The derivation of the Betz limit shows a simple analysis of wind
turbine aerodynamics. In reality there is a lot more. A more rigorous
analysis would include wake rotation, the effect of variable geometry.
The effect of air foils on the flow is a major component of wind
turbine aerodynamics. Within airfoils alone, the wind turbine
aerodynamicist has to consider the effect of surface roughness, dynamic
stall tip losses, solidity, among other problems.
Angular momentum and wake rotation
The wind turbine described by Betz does not actually exist. It is
merely an idealized wind turbine described as an actuator disk. Its a
disk in space where fluid energy is simply extracted from the air. In
the Betz turbine the energy extraction manifests itself through thrust.
The equivalent turbine described by Betz would be a horizontal
propeller type operating with infinite blades at infinite tip speed ratios
and no losses. The tip speed ratio is ratio of the speed of the tip
relative to the free stream flow. This turbine is not too far from
actual wind turbines. Actual turbines are rotating blades. They
typically operate at high tip speed ratios. At high tip speed ratios
three blades are sufficient to interact with all the air passing
through the rotor plane. Actual turbines still produce considerable
thrust forces.
One key difference between actual turbines and the actuator disk, is
that the energy is extracted through torque. The wind imparts a torque
on the wind turbine, thrust is a necessary by-product of torque.
Newtonian physics dictates that for every action there is an equal and
opposite reaction. If the wind imparts a torque on the blades then the
blades must be imparting a torque on the wind. This torque would then
cause the flow to rotate. Thus the flow in the wake has two components,
axial and tangential. This tangential flow is referred to as wake
rotation.
Torque is necessary for energy extraction. However wake rotation is
considered a loss. Accelerating the flow in the tangential direction
increases the absolute velocity. This in turn increases the amount of
kinetic energy in the near wake. This rotational energy is not
dissipated in any form that would allow for a greater pressure drop
(Energy extraction). Thus any rotational energy in the wake is energy
that is lost and unavailable.
This loss is minimized by allowing the rotor to rotate very quickly.
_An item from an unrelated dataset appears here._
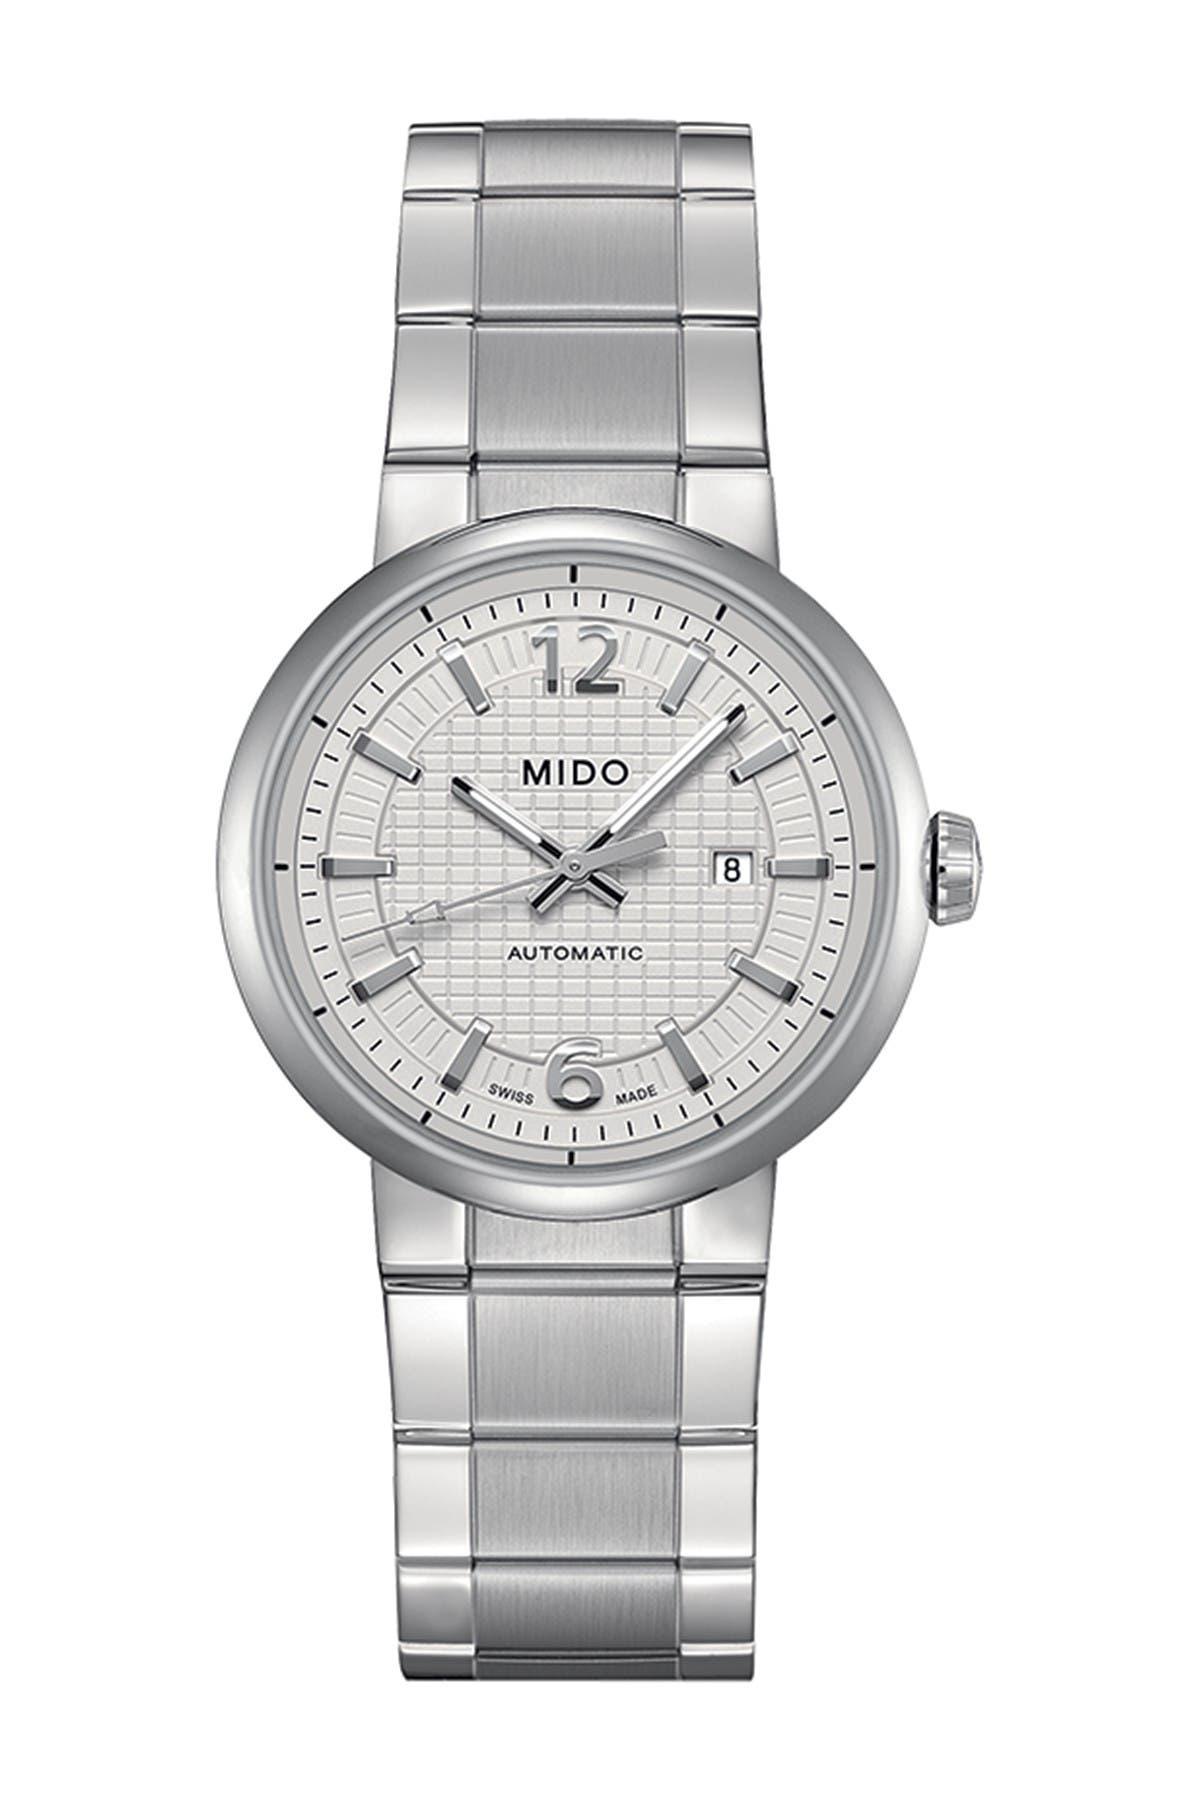 Image of MIDO Women's Great Wall Automatic Bracelet Watch, 31mm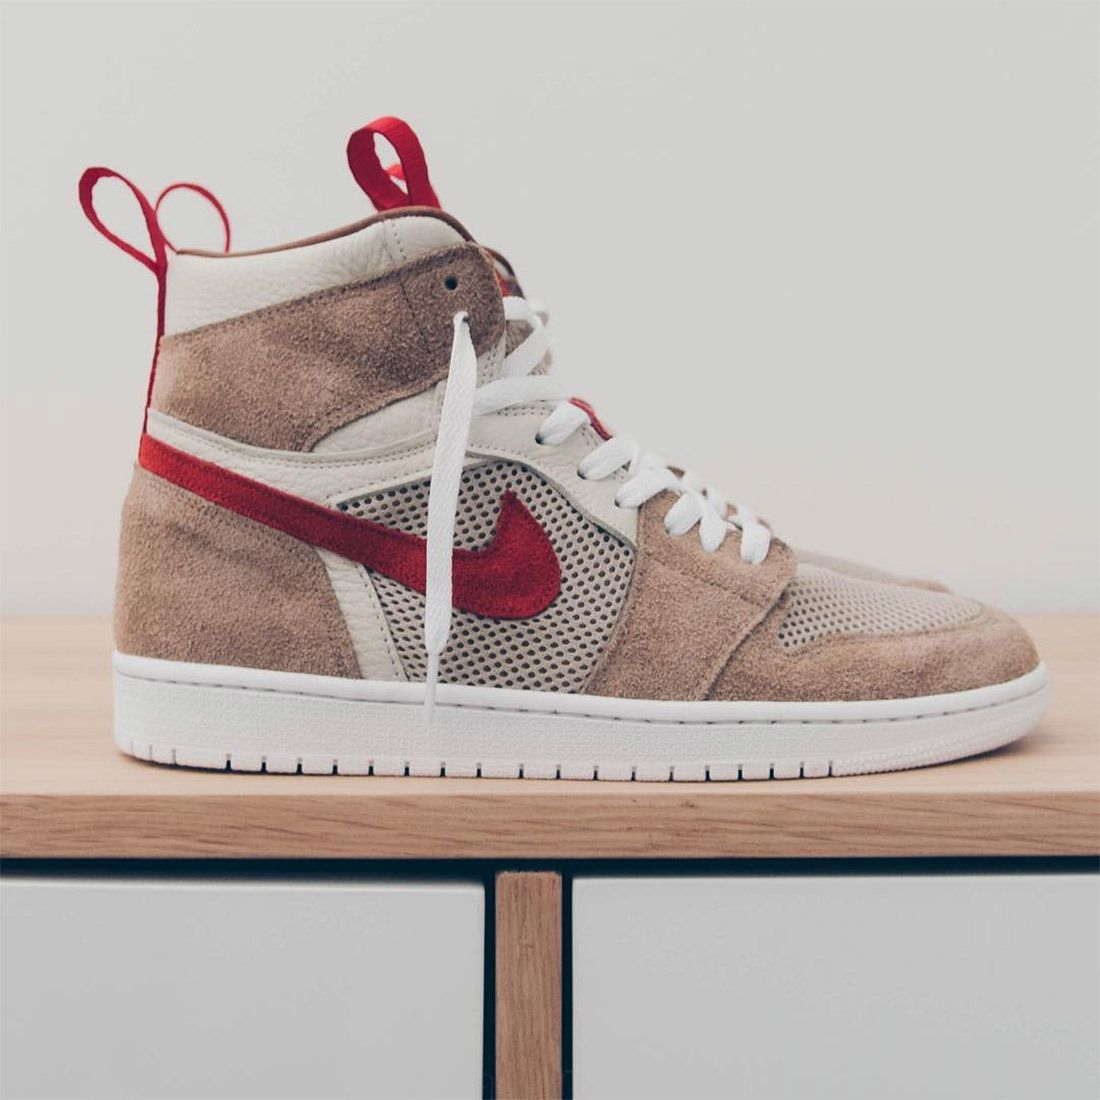 Chase Shiel X Fiammastudios Tom Sachs Nike Mars Yard Shoe Air Jordan 1 Sneaker Freaker 2

To the observer it may seem like the rotor is not moving fast; however,
it is common for the tips to be moving through the air at 6 times the
speed of the free stream. Newtonian mechanics defines power as torque
multiplied by the rotational speed. The same amount of power can be
extracted by allowing the rotor to rotate faster and produce less
torque. Less torque means that there is less wake rotation. Less wake
rotation means there is more energy available to extract.
Blade Element and Momentum Theory
The simplest model for Horizontal Axis Wind Turbine Aerodynamics is Blade Element Momentum (BEM) Theory.
The theory is based on the assumption that the flow at a given annulus
does not effect the flow at adjacent annuli. This allows the rotor
blade to be analysed as separate sections, where the resulting forces
are summed over all sections to get the overall forces of the rotor.
The theory uses both axial and angular momentum balances to determine
the flow and the resulting forces at the blade.
The momentum equations for the far field flow dictate that the
thrust and torque will induce a secondary flow in the approaching wind.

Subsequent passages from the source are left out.